Friday 22 May 2009

Soviet-era oil spa makes a comeback

Naftalan health resort uses local crude oil to treat skin diseases and other ailments, a treatment popular during the Soviet years.

To see derricks in Azerbaijan, tapping into large reserves of oil, is as natural a sight as trees in a wood.
But oil extracted in Naftalan, a town nestled in the heart of the country, is pumped solely to a health resort famous in Soviet times for its oil bath treatments.

According to one of the legends often told to visitors, the therapeutic properties of Naftalan oil were discovered in ancient times by a merchant travelling with his camel caravans on the Silk Road. Allegedly a sick camel got stuck in a reedy marsh and was cured. Today a reference to this legend can be seen in the resort's display cabinet.

The petroleum spas of Naftalan are not well known, but the resort was a popular holiday spot in the Soviet era, frequented by patients with various health problems to soak in the therapeutic oil baths.
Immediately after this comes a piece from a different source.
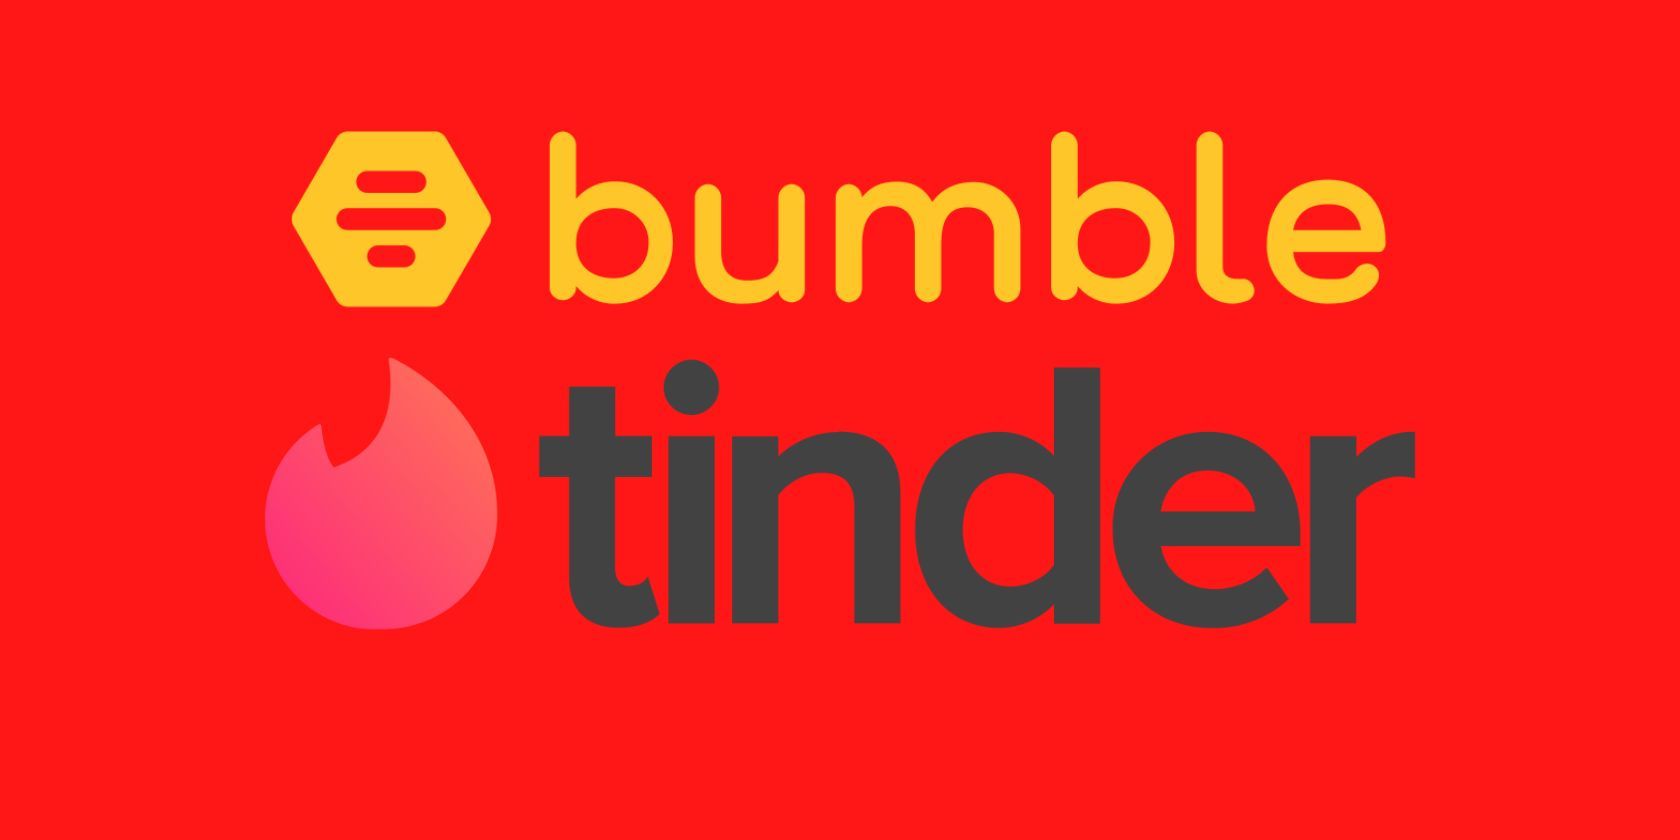 The Bumble and Tinder logos on a red background
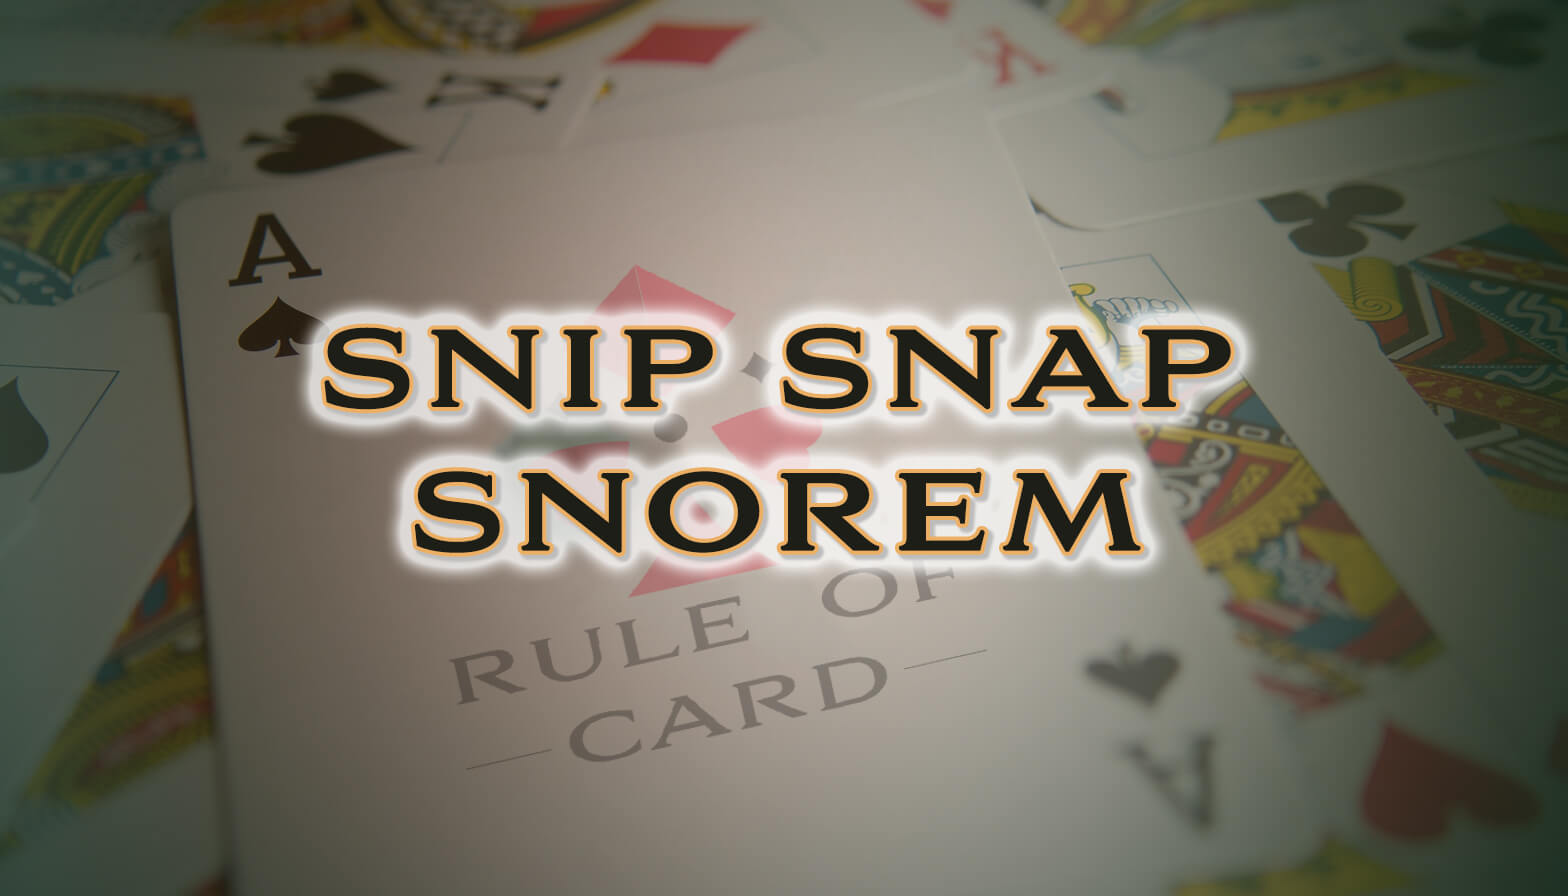 Playing the card game Snip Snap Snorem

Patients bathe in local crude oil once each day for 10 - 15 minutes.

The old fame of the oil baths is still remembered by some former Soviet citizens.

"I used to come here in Soviet times. I came here four times and now I have come to Naftalan for the fifth time. I had Osteomielitis which I could not cure anywhere, but I got rid of it here," said Aivars Baumanis, a patient from Riga, who used to come for treatment from the capital of the then Soviet Latvia.

The Health Centre doctor Gyultakin Suleimanova explained that Naftalan crude is different from other types of oil as it contains very little natural gas or other lighter compounds of petroleum and as a result is safe to use.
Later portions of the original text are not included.